### DATA SECTION:
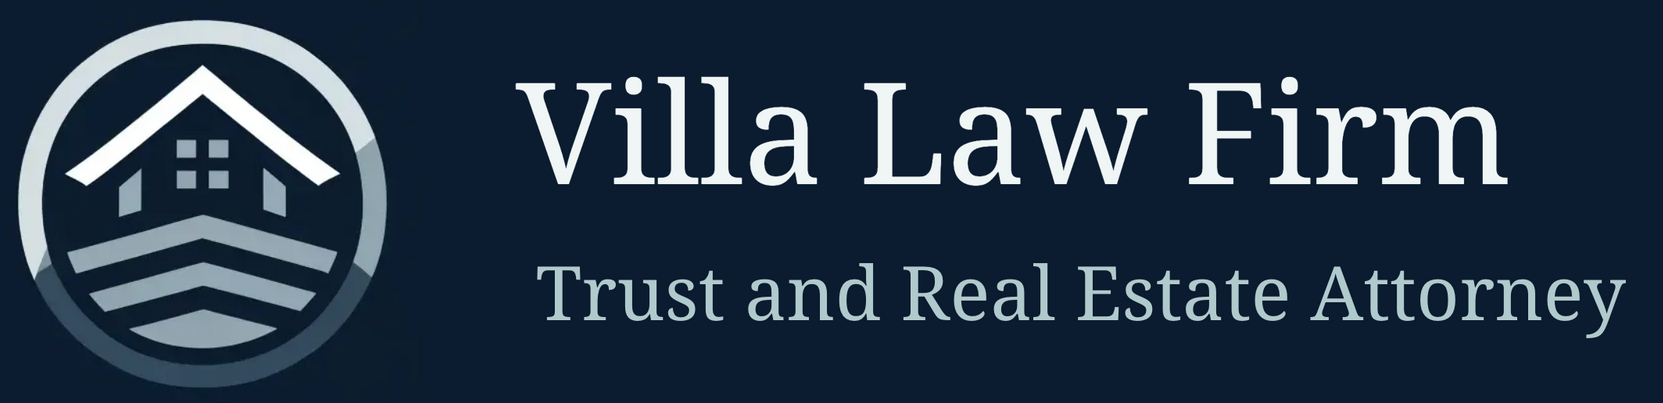 Villa law firm is a trust and real estate attorney
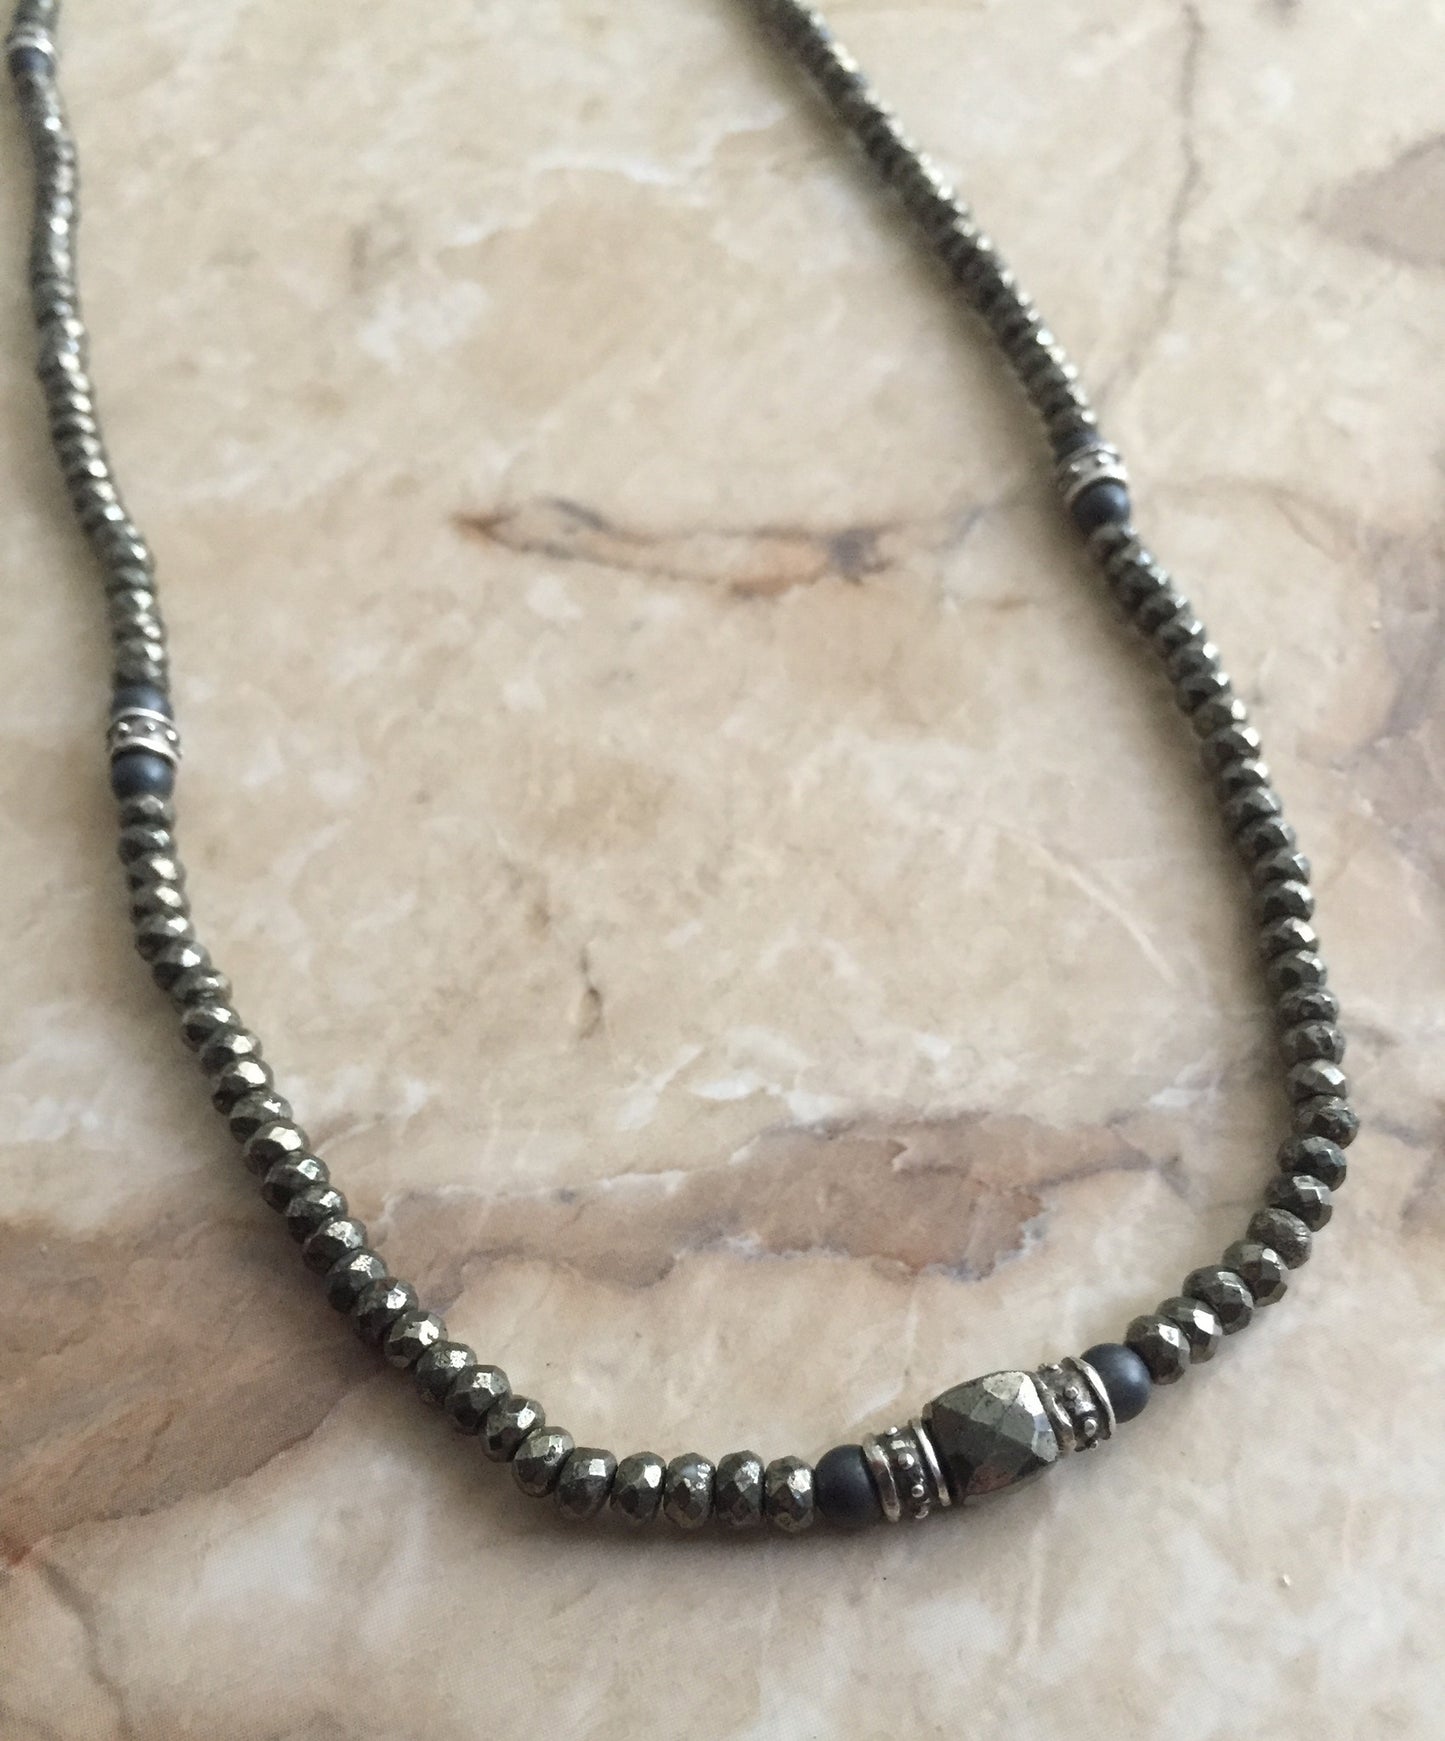 Pyrite Necklace & Silver Roundels by Roman paul
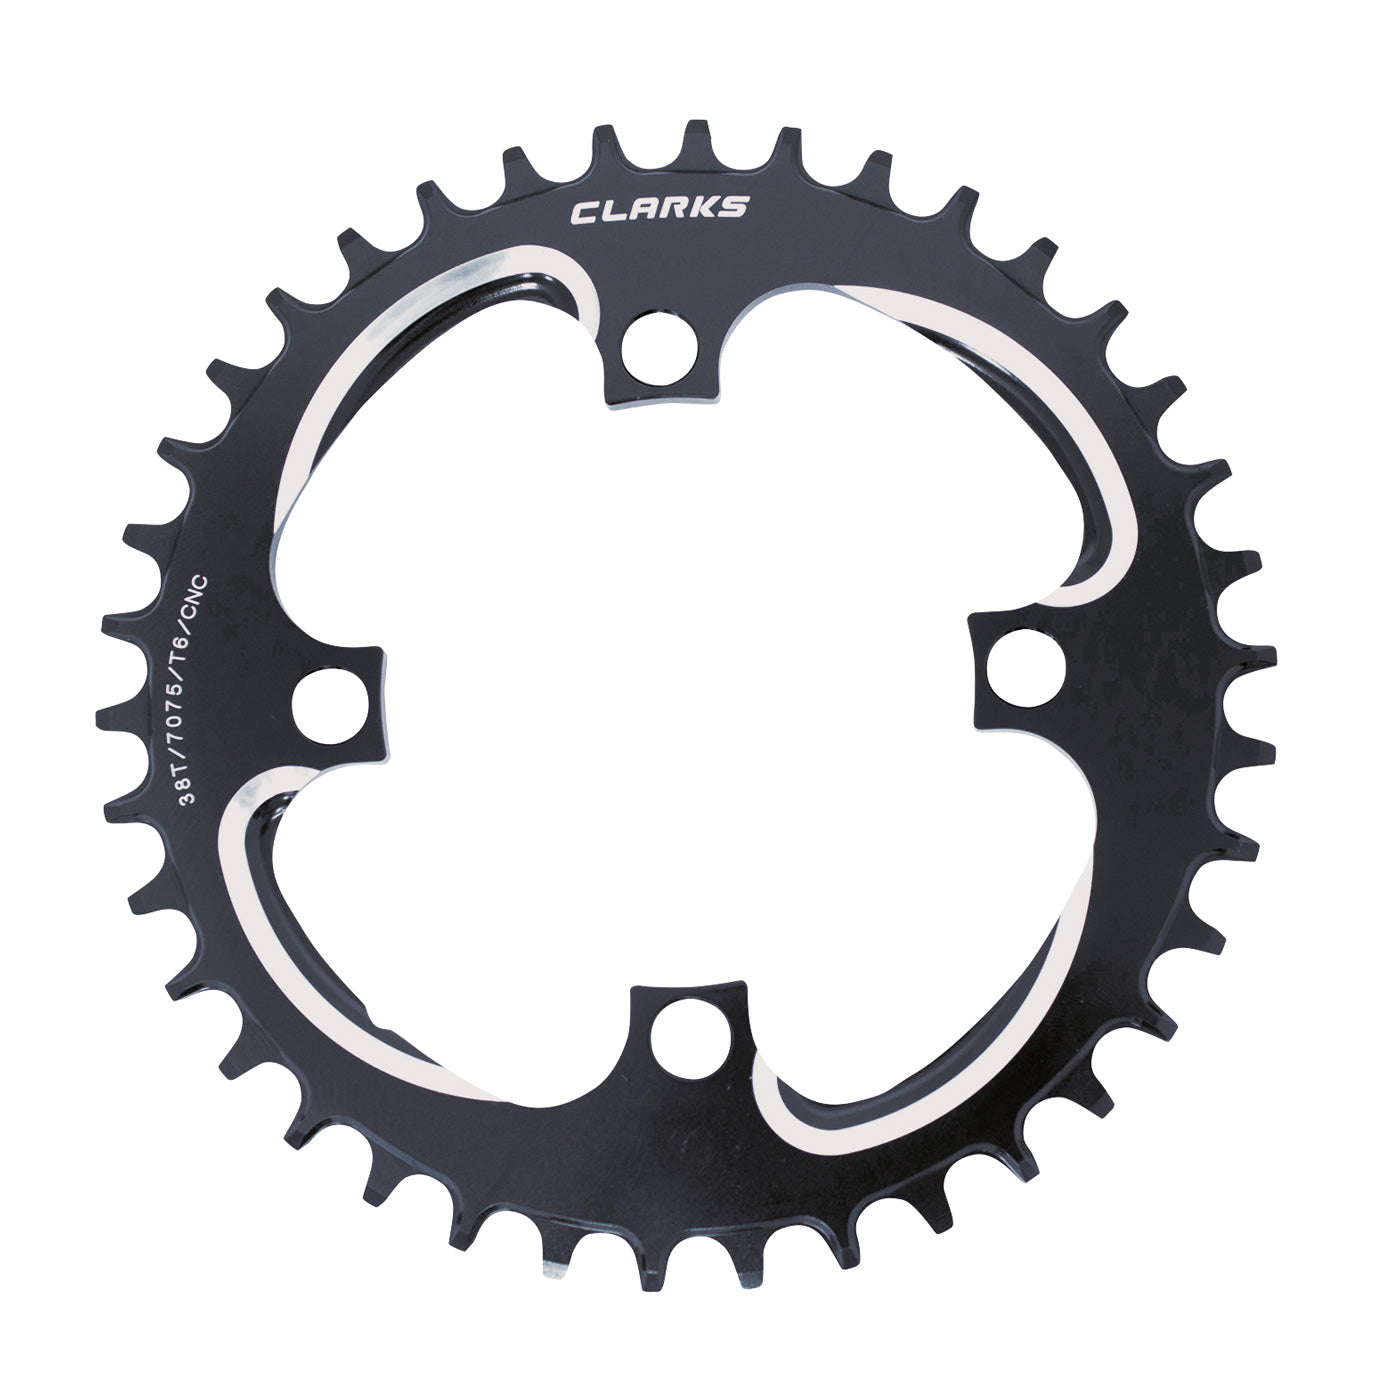 View 4 Bolt Alloy chainring 94BCD 36t information

### REQUIRED WORK:
Print the listing verbatim, images excluded.

### OUTPUT:
 Villa law firm is a trust and real estate attorney
 Pyrite Necklace & Silver Roundels by Roman paul
 View 4 Bolt Alloy chainring 94BCD 36t information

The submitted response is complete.